However, with blobs, analysis doesn't always know where to start, so you may need to kick things off with `vw.makeCode()` or `vw.makeFunction()`::

    In [11]: len(vw.getLocations())                                                                                                                                                                                                              
    Out[11]: 0x0

    In [12]: vw.makeFunction(0x20000000)

If you want to specify a particular architecture, provide it as part of the call to `vw.makeFunction()`::

    In [12]: vw.makeFunction(0x20000000, arch=envi.ARCH_ARMV7)


For `ihex` and `srec` the process is simpler.  Since both provide address information as well as the possibility of starting code, you need only ensure the architecture is correct::

    In [6]: vw = vivisect.VivWorkspace()                                                                                                                                                                                                         

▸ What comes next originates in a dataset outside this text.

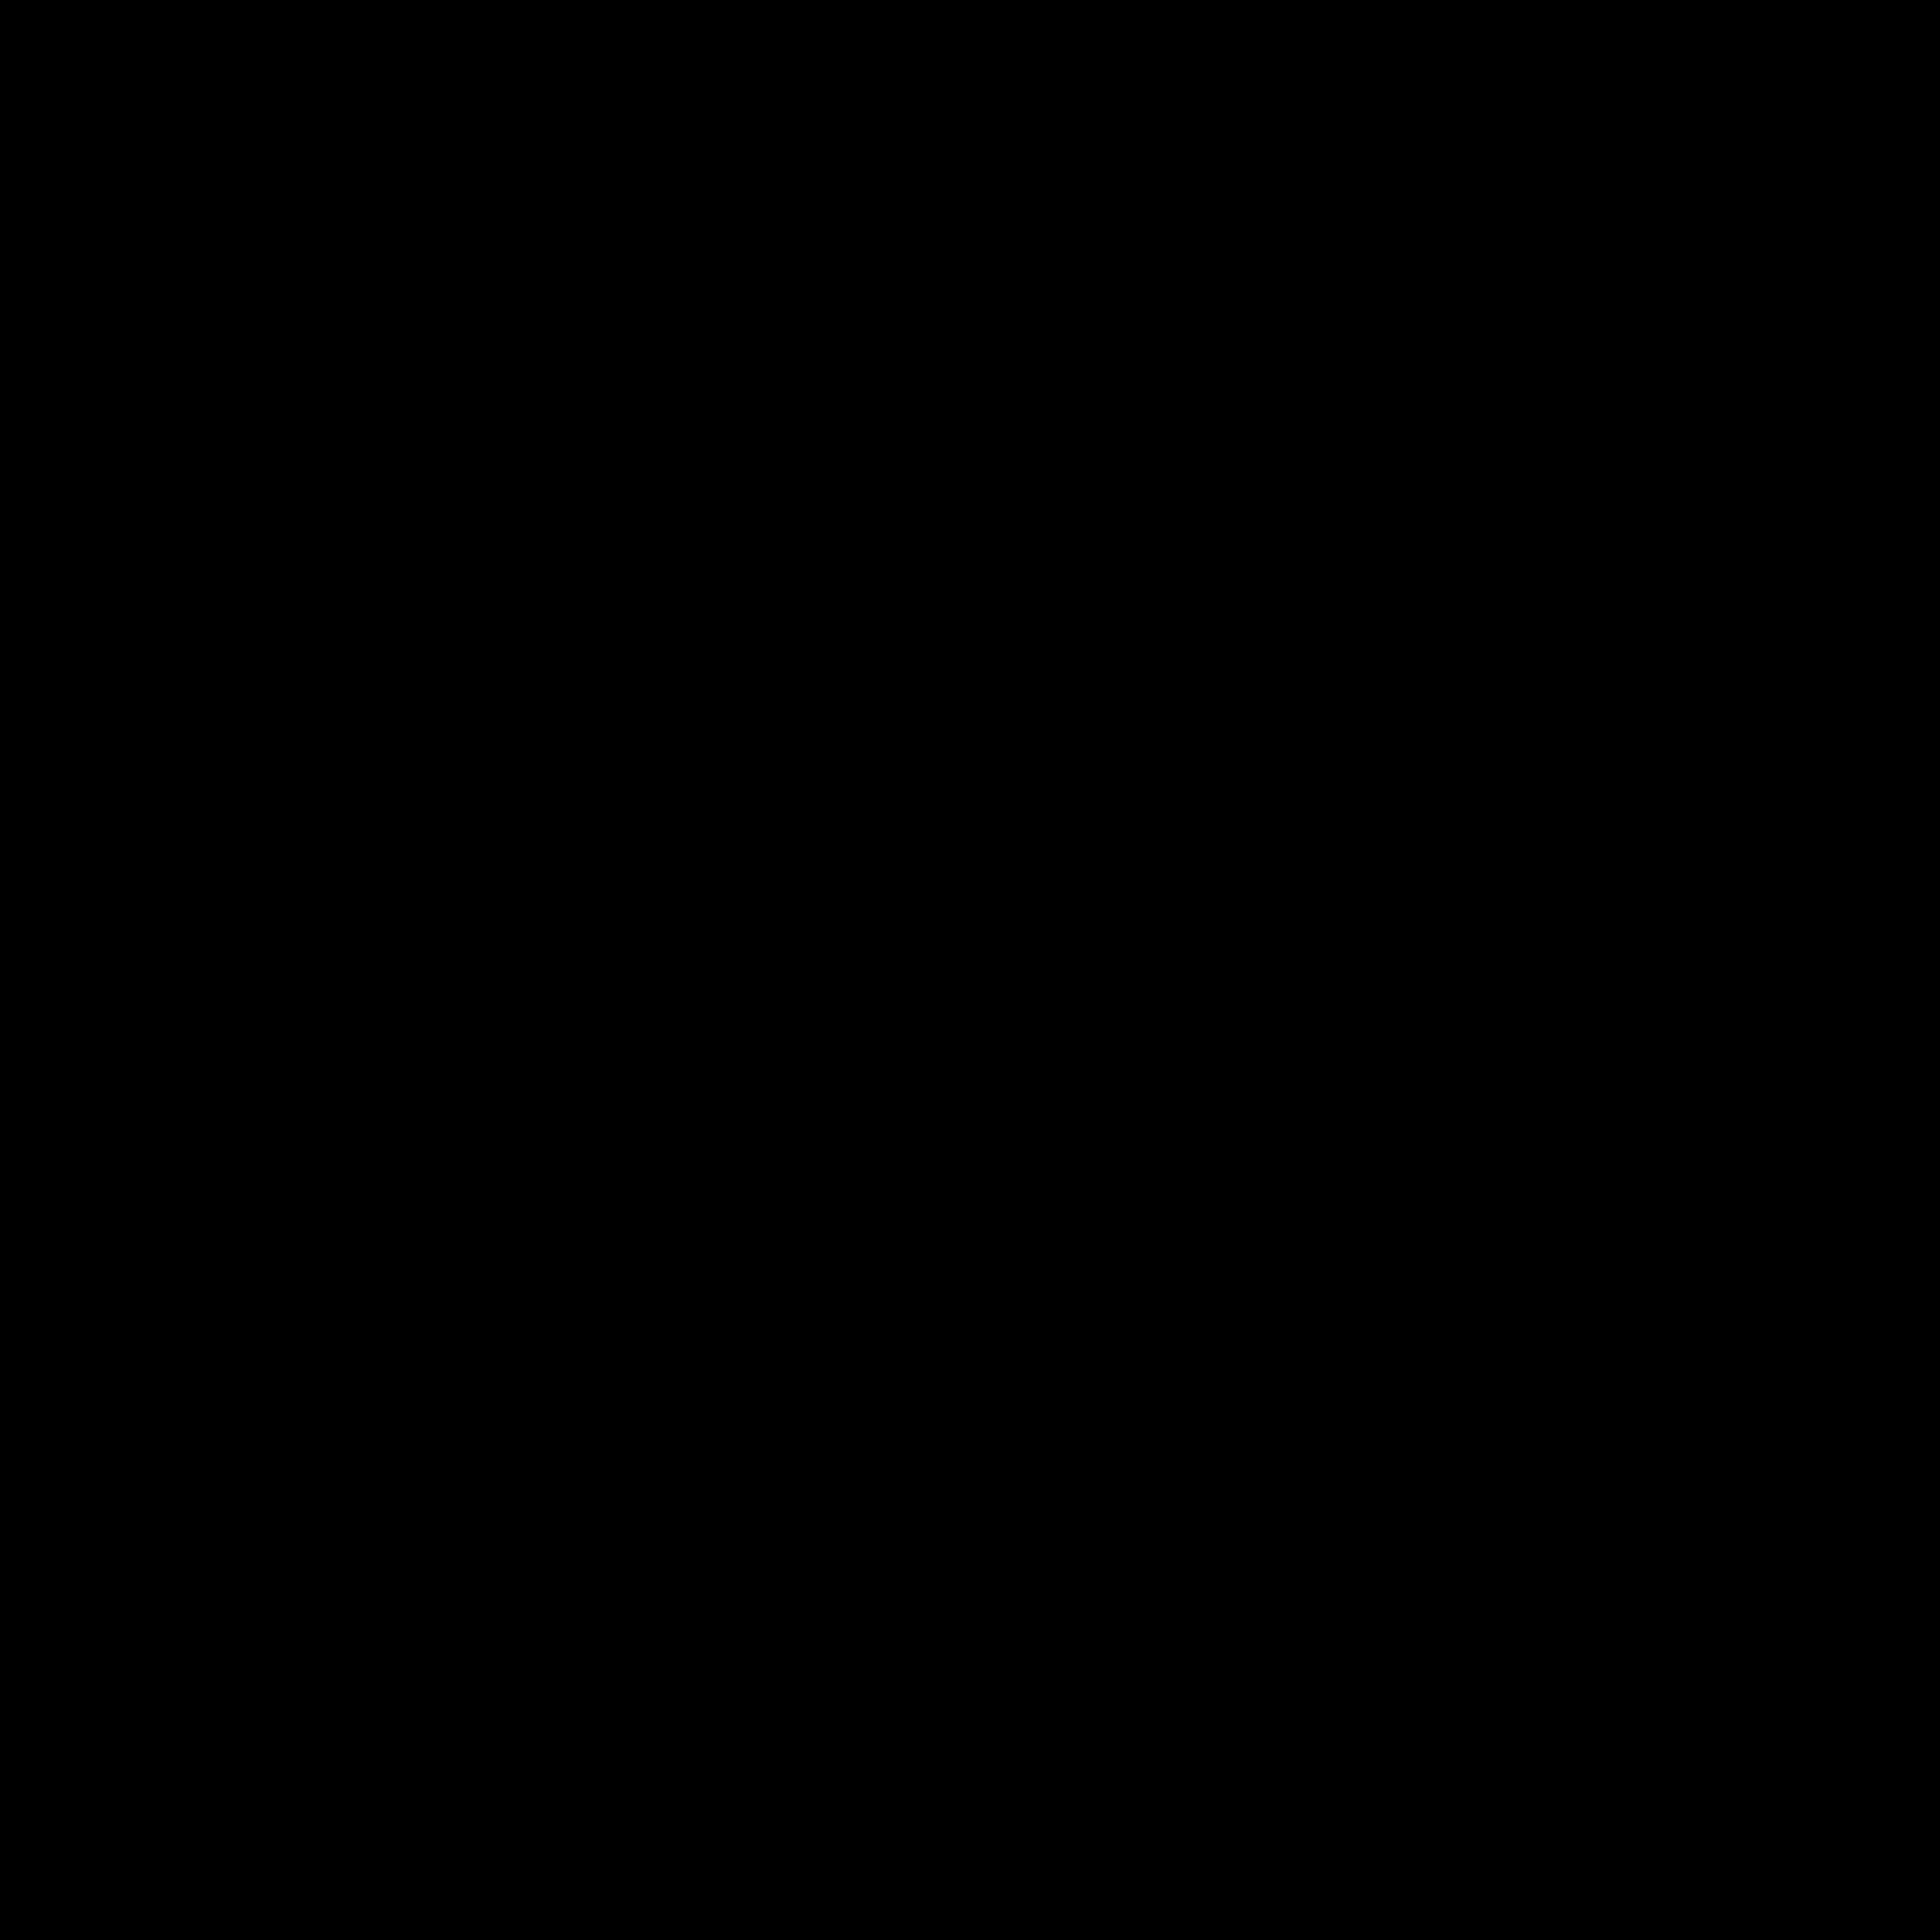 MICHELANGELO'S MEDICI MADONNA / BUSAN

    In [7]: vw.config.viv.parsers.ihex.arch='arm'

    In [8]: vw.loadFromFile('firmware.blob')

    In [9]: vw.analyze()


Having More Fun with Workspaces
===============================

Vivisect maintains a list of Segments (in some cases, aka "sections"), which you can review like so::

    In [39]: vw.getSegments()                                                                                                          
    Out[39]: [(0x20000000, 0x100000, '20000000', 'firmware')]

Often more importantly, you can inspect the workspace's Memory Maps::

    In [45]: vw.getMemoryMaps()                                                                                                        
    Out[45]: [(0x20000000, 0x100000, 0x7, 'firmware')]

And if you provide an address to the "singular" form, Vivisect will return the map for that particular address::

    In [46]: vw.getMemoryMap(0x20000005)
    Out[46]: (0x20000000, 0x100000, 0x7, 'firmware')